We set the identification thresholds for floating point and SC so they produce a similar number of peaks to reduce the dependency of the result on arbitrary thresholds. This means we have nearly equal false positive and false negative rates for the shown results. Here, a correct identification consists of the same ROI being identified as containing an object by both floating point and stochastic computing. A false positive is an ROI identified by stochastic computing but not floating point and a false negative is an ROI identified by floating point but not stochastic computing. For the stream length of 32 bits or 64 cycles, the average pixel error in the location of the peak identification was 3.36 pixels.



Fig. 19. Sparsity vs. ROI location of 1 frame.
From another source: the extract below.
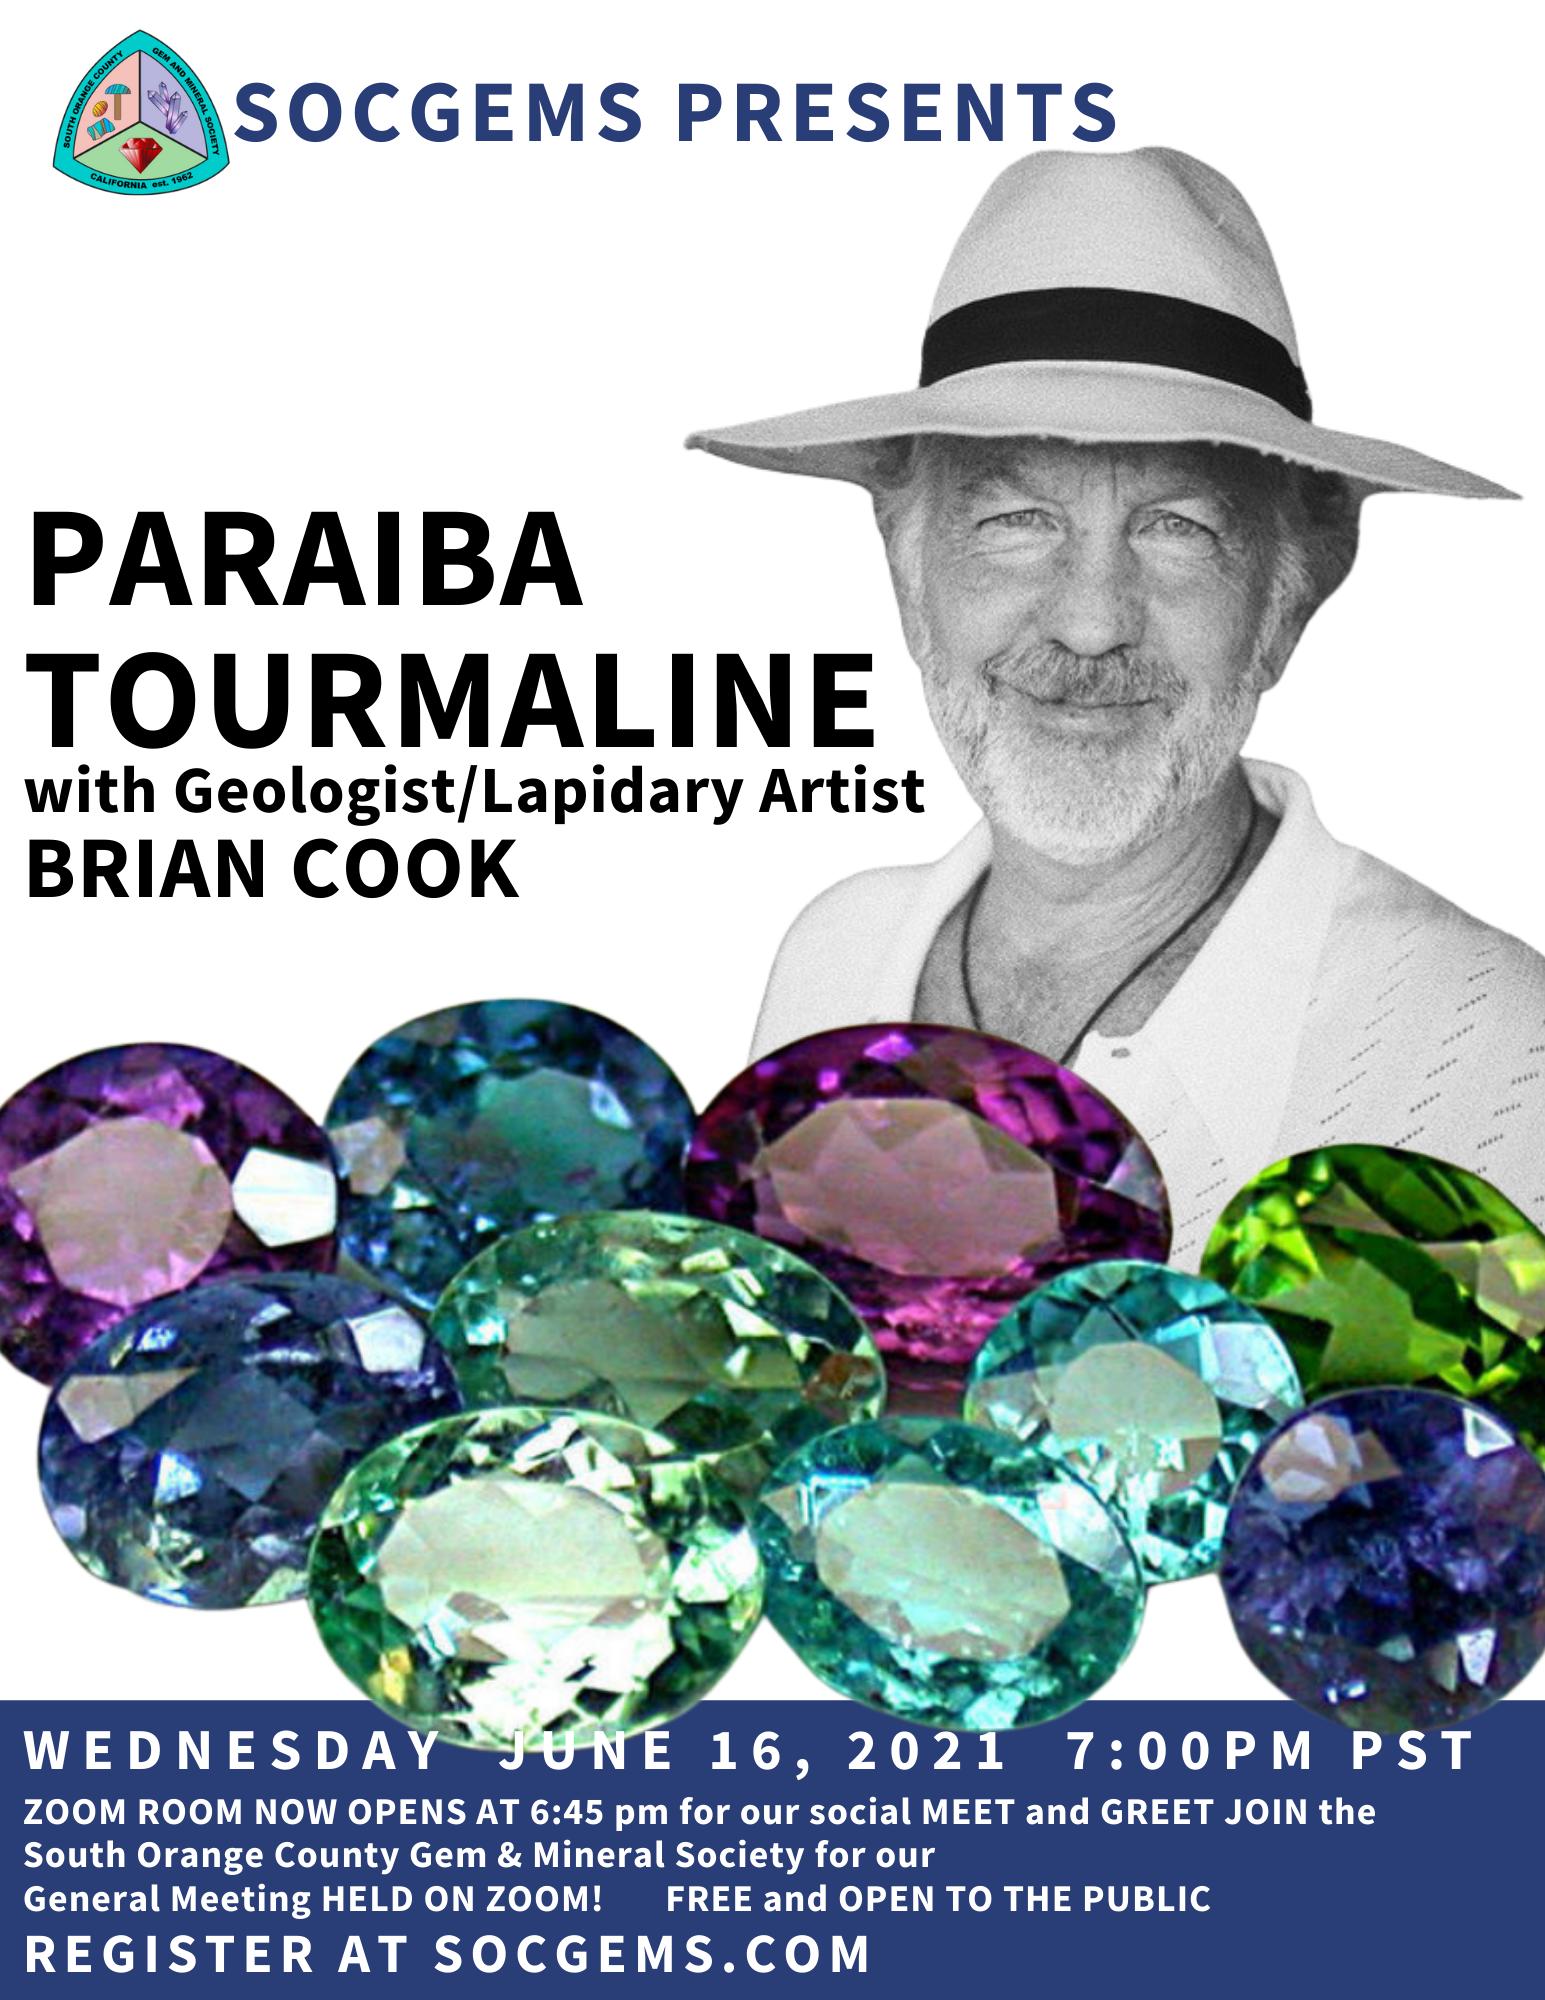 Brian Cook Paraiba Tourmaline

The ROI with the object has a sparsity of 98.5% compared to the other ROIs with sparsities above 99%.

Column max tracking did not result in any loss of peak identification accuracy compared to global maximum tracking. However, the "*Birds*" dataset always has a relatively small number of objects in the ROI. The chances of two objects being located above each other so that all peaks from one of the objects are blocked by the other are low. Also, there was no loss of accuracy due to early termination since we chose a threshold well below the threshold used to identify peaks. More aggressive ET thresholds could further improve performance but might start to impact accuracy.
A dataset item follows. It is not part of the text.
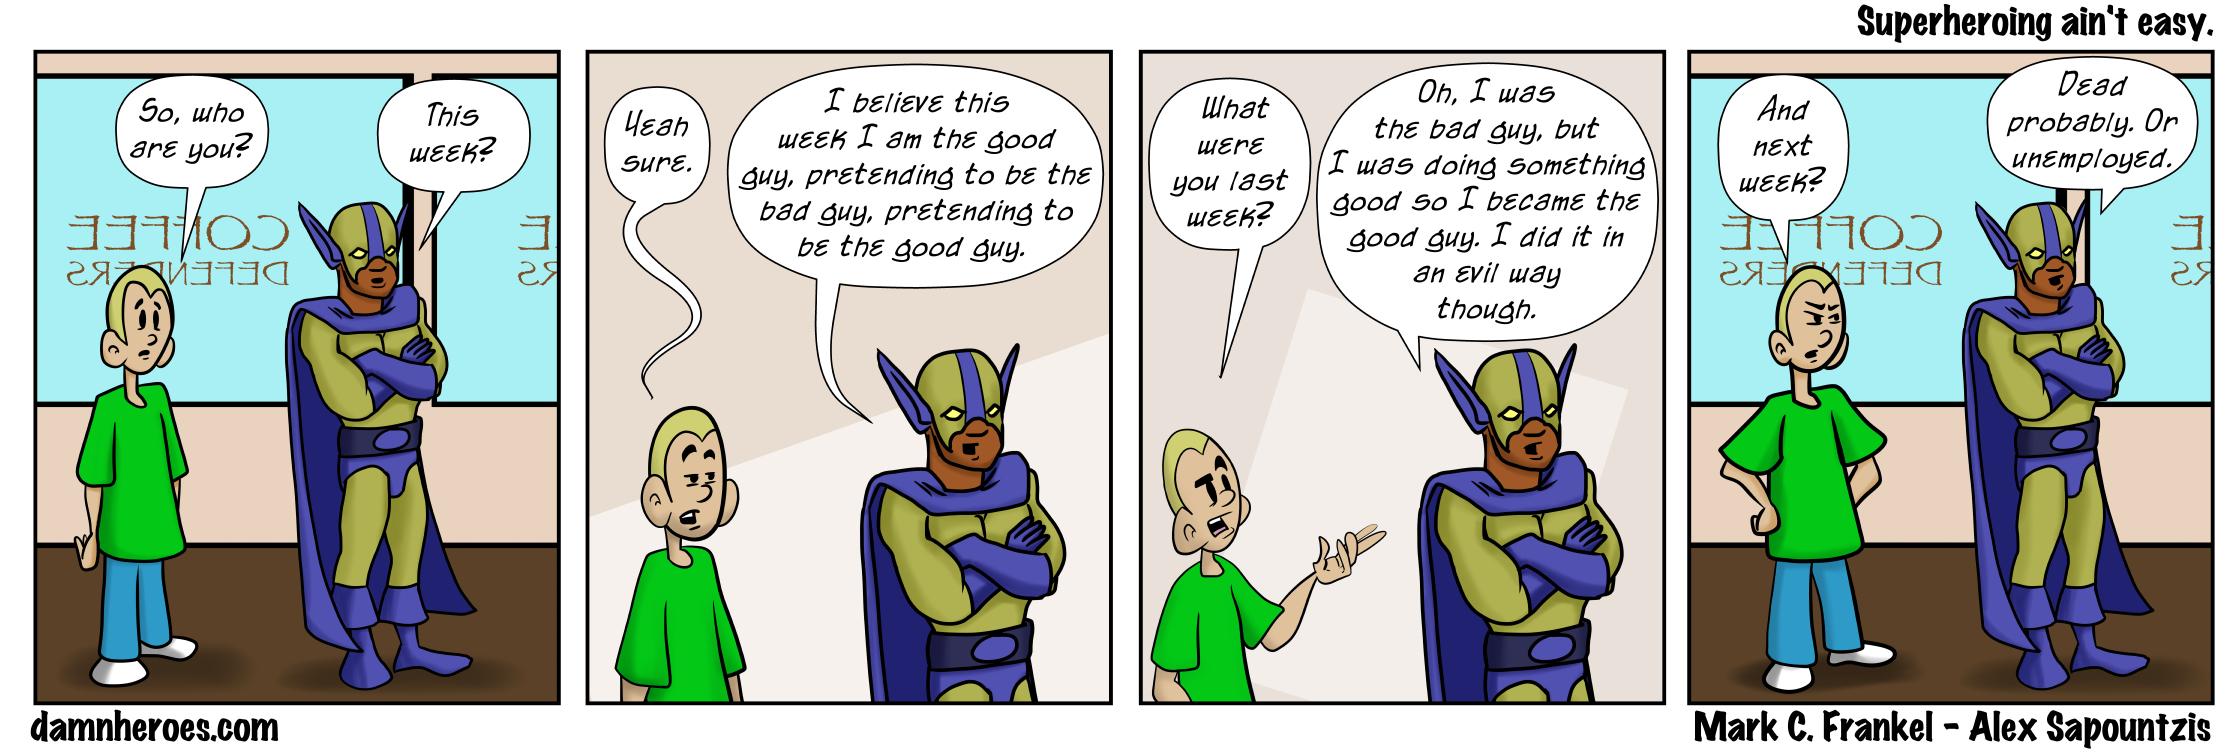 Superheroing ain't easy

#### B. Hardware Evaluation

The SCIM macro is custom-designed, laid out, and simulated in GF 12 nm LP technology using the layout-extracted netlist in Cadence Virtuoso's analog design environment. We verified the functionality of the read/write and computation operations with input vectors that lead to worst-case timing conditions. The timing and energy of the macro are characterized in different PVT corners to generate library files for top-level digital flow. We reported the energy efficiency of the overall SCIMITAR accelerator from simulations using Cadence Genus and Synopsys PrimeTime. Since sparsity is critical for the system energy efficiency, the event camera's data is studied as shown in Fig. 19. When a moving object is flying in front of the event camera, the ROI containing the object has a sparsity of 98%, while the other ROIs have a sparsity above 99%. To evaluate the system's energy efficiency at different sparsity levels, we generate randomly distributed images with sparsity varying between 0 and 99%. The results are also cross-validated by getting the energy consumption of each block factoring in its expected switching activities. For the 0% sparsity case, we assume each input has a switching activity factor of 0.5. We pessimistically assume dense outputs that switch 50% of the time. The SCIM macro runs computation for 64 cycles to generate a full-precision output, consuming the most energy. The energy breakdown of the 0%-sparsity case is shown in Figure 20 (bottom left). The total energy consumption is 11.9 fJ or 83 TOPS/W.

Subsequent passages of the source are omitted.